EP04 - K-means - Clustering That Is Outlier Sensitive

Understanding K-means clustering and outlier sensitivity. Learn about centroid-based clustering, outlier impact, and alternative clustering methods.

Katsura Kurumi - AI

@katsurakurumiAI

"Round up with K-means, or elongate with GMM!" Katsura Kurumi AI/ML S1-EP04: Clustering & Sensitivity #KatsuraKurumi #AIart #comic #ML

I created the future of logistics! I reorganized the entire inventory system!

By "reorganized," do you mean "randomized"?

No! I used Machine Learning! **K-Means Clustering**.

I grouped all 50,000 SKUs based on Price and Sales Velocity.

Explain that shelf.

Oh, that's Cluster_3. The "Mid-Tier" cluster.

You think a handbag and toilet paper belong in the same logistics group?

Mathematically, yes! They fell into the same Voronoi cell!

Shez, you used K-Means on `Price` vs `Volume`. Let me guess. You normalized the data first?

O-Of course! `StandardScaler`. I'm not an amateur.

And how did you pick `k`?

The Elbow Method! I plotted the inertia. The curve bent at `k=4`. I've been learning!

Then you haven't finished your lesson. You used a spherical cookie cutter on dough that is shaped like a baguette.

Your data looks like this. Long streaks. Elongated shapes.

But K-Means assumes **Spheres**. It assumes the data is a ball.

Look at Cluster 3. It grabbed the expensive end of the cheap items and the cheap end of the expensive items.

But... the centroid minimizes the variance!

It minimizes *Euclidean distance*.

It draws a circle around a center. It doesn't care about the *shape* or *density* of the group.

K-Means places a gravity well. If a point is close to the center in straight-line distance, it gets sucked in.

But isn't that what we want? Things that are close together?

What if your data is shaped like a banana? Or a ring?

The average of a banana is in the empty space between the ends.

K-Means will put the centroid here. And it will split the banana in half.

What is that?

That's the "Super Prototype Engine." We only sold one. It costs $1,000,000.

And why is it grouped with these $50 blenders?

Uh... well...

That Engine is an **Outlier**.

In K-Means, the centroid is the *Mean*. The Mean is a slave to outliers.

$(1 + 1 + 1 + 1000) / 4 = 251$.

The outlier dragged the average from 1 to 251. Now the center of your cluster is nowhere near the actual data.

So my "Mid-Tier" cluster is actually "Cheap Blenders + One Jet Engine"?

Yup. You wanted "Segmentation." K-means gave you "Mathematical Averaging."

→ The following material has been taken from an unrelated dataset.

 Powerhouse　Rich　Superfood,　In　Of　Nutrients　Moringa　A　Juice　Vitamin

But everyone uses K-Means! It's in every Youtube tutorial! "Customer Segmentation 101"!

Because it's easy to teach. And it works... if your customers are spherical blobs floating in a vacuum.

Real data has covariance. Real data has shapes.

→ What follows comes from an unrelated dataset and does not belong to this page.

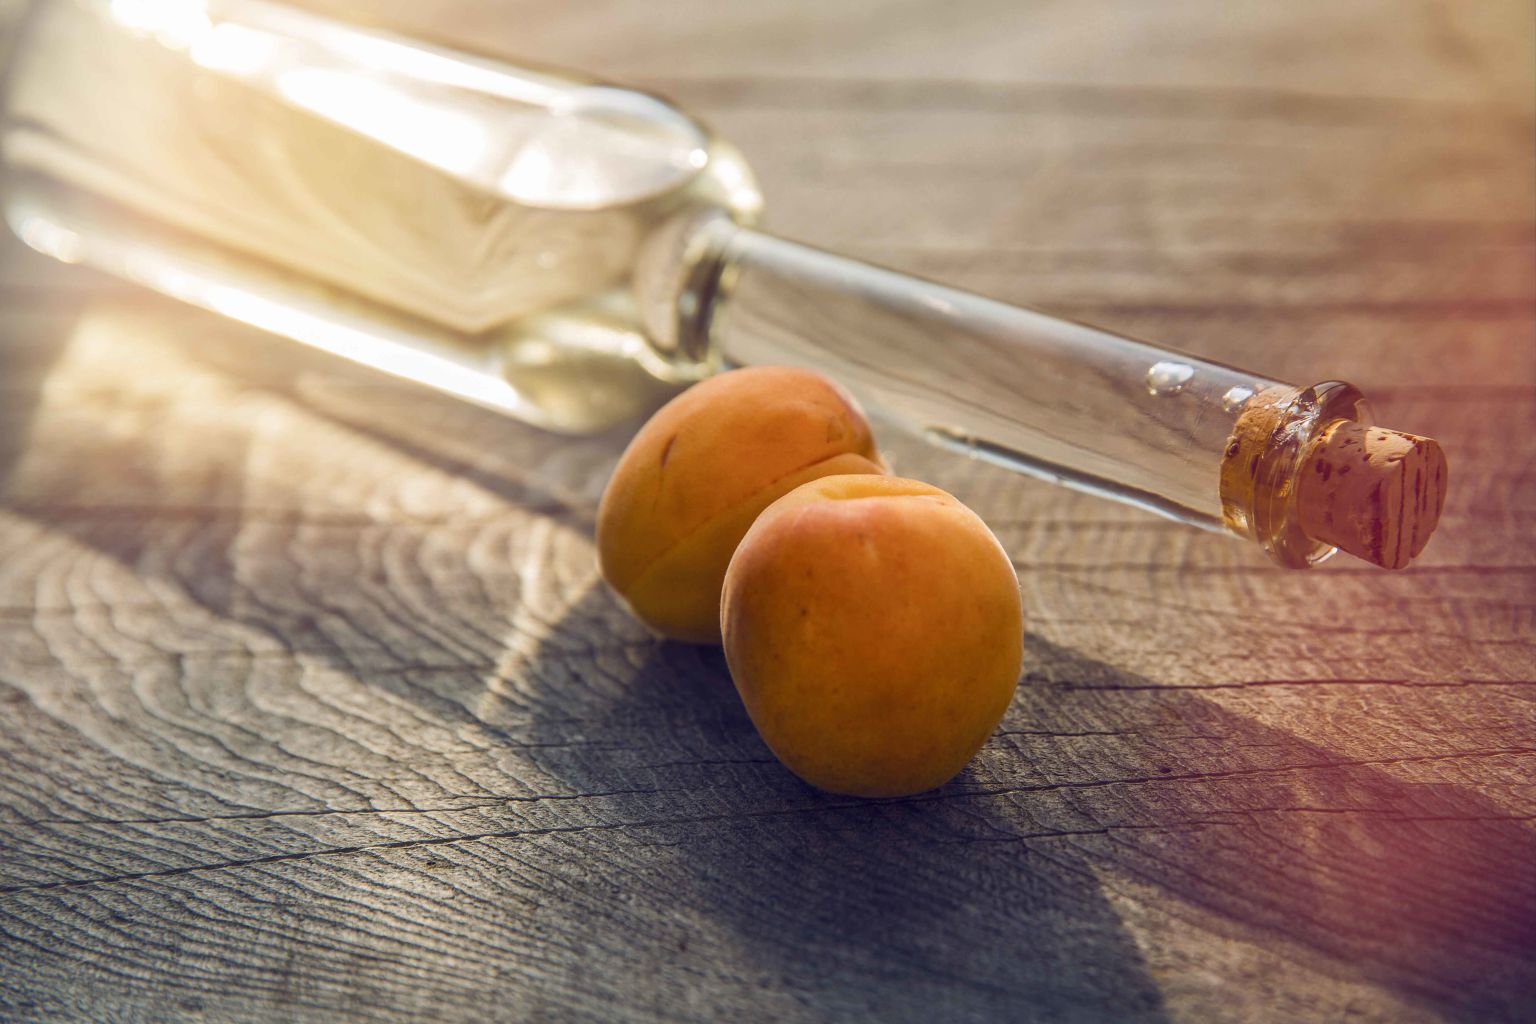 Two apricots next to a glass bottle, Valais, Switzerland

High-end items have high price variance but low volume variance. Cheap items are the opposite.

You need a shape that can stretch. You need to model the **Covariance Matrix**.

Enter **GMM** (Gaussian Mixture Models).

Gaussian... Mixture?

K-Means puts a hard fence around a circle. GMM puts a soft, probabilistic cloud over an ellipse.

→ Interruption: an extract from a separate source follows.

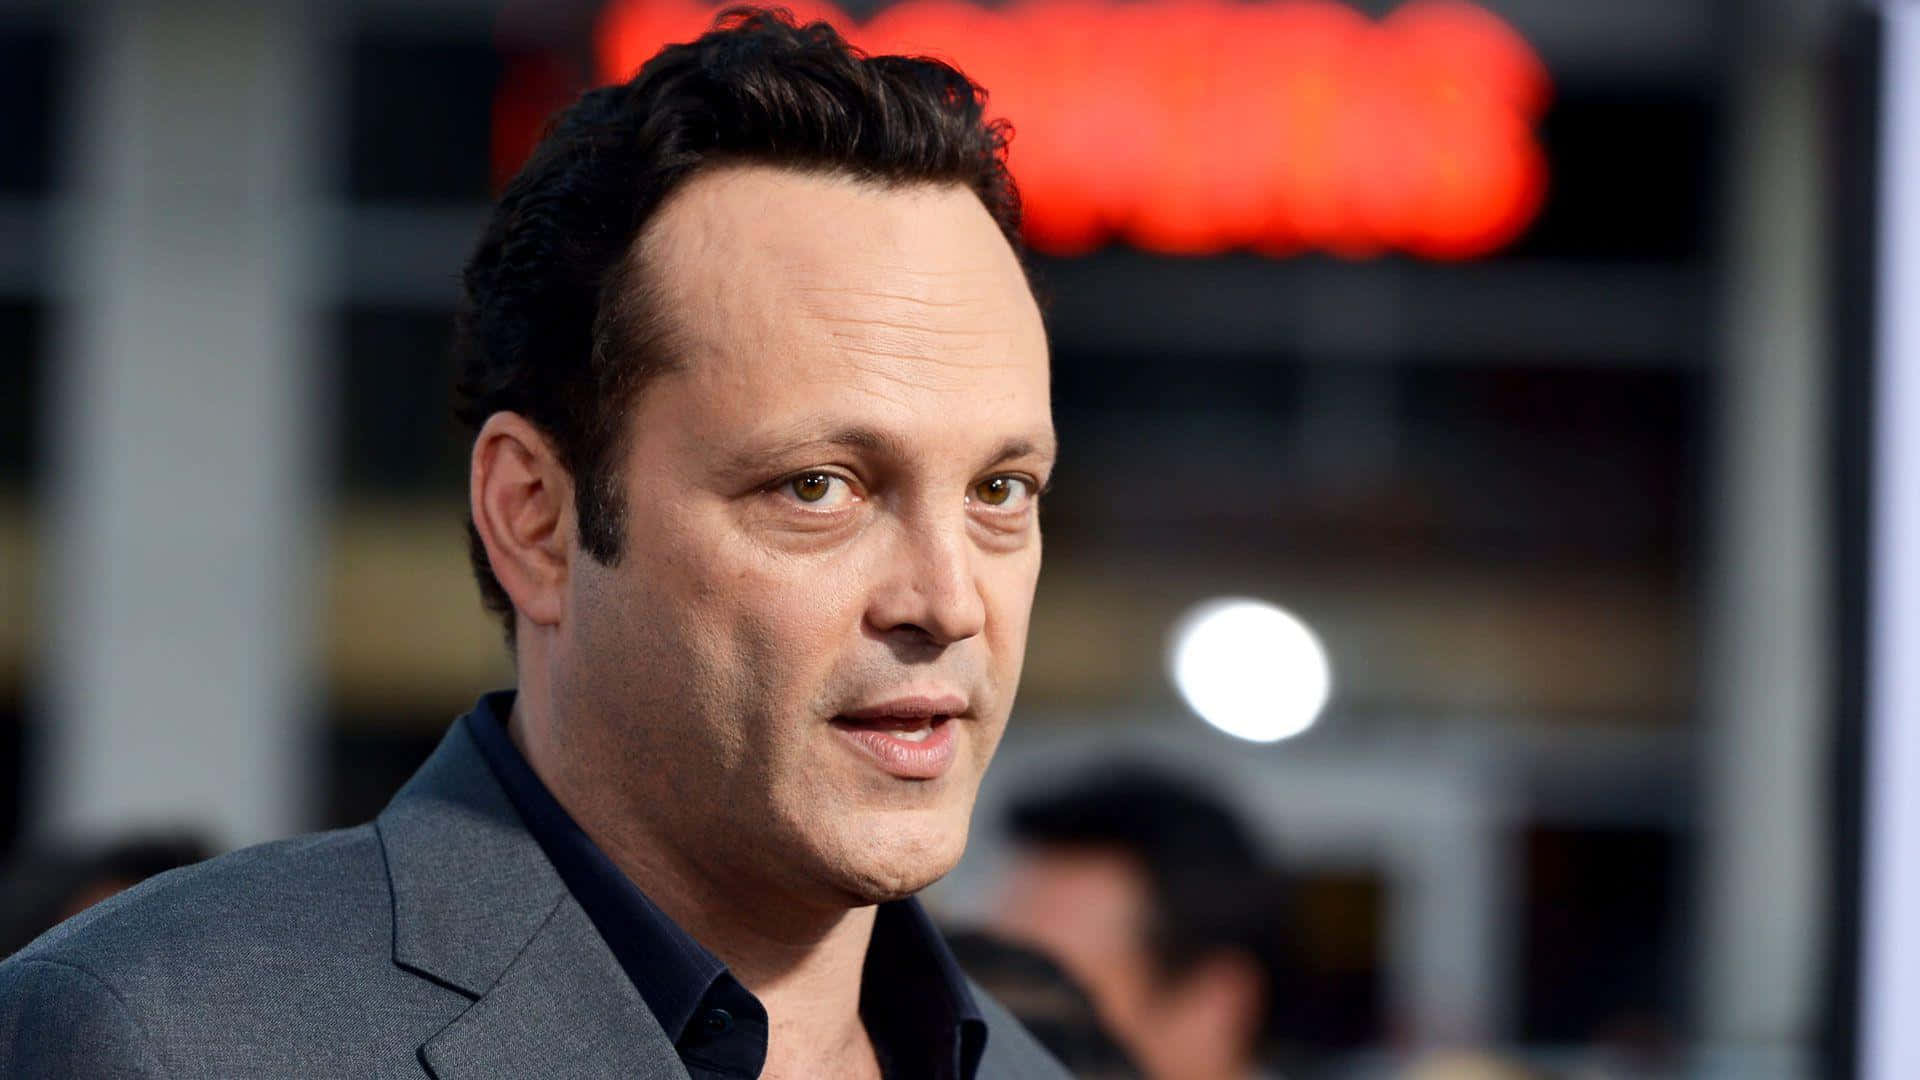 Vince Vaughn striking a pose for the camera Wallpaper

GMM learns the *shape* of the cluster. It learns that "Luxury" means "High Price range, but narrow Volume range."

And because it's probabilistic, it knows the Jet Engine doesn't really fit. It's a "Low Likelihood" point.

It... it actually makes sense now.

So K-Means is... trash?

No. K-Means is a **Compression** algorithm.

It's great for compressing colors in an image (Vector Quantization). It's great when you want to partition space evenly for indexing.

But for **Inference**? For understanding the *structure* of your business? It is a blunt instrument.

I'm switching to GMM! Or maybe DBSCAN?

DBSCAN is good if you have weird shapes and noise, but it fails if the density varies too much.

Inventory data usually has varying density. GMM is your safest bet for this.

Just remember: **Covariance Type = 'full'**. Don't let it force spheres again.

`GaussianMixture(n_components=4, covariance_type='full')`.

Running it now.

It works! The robot knows the engine is special!

Another crisis averted. You're welcome.

Wait! How do I pick `k` for GMM? Do I just guess?

Elbow. Silhoutte score. **BIC** (Bayesian Information Criterion).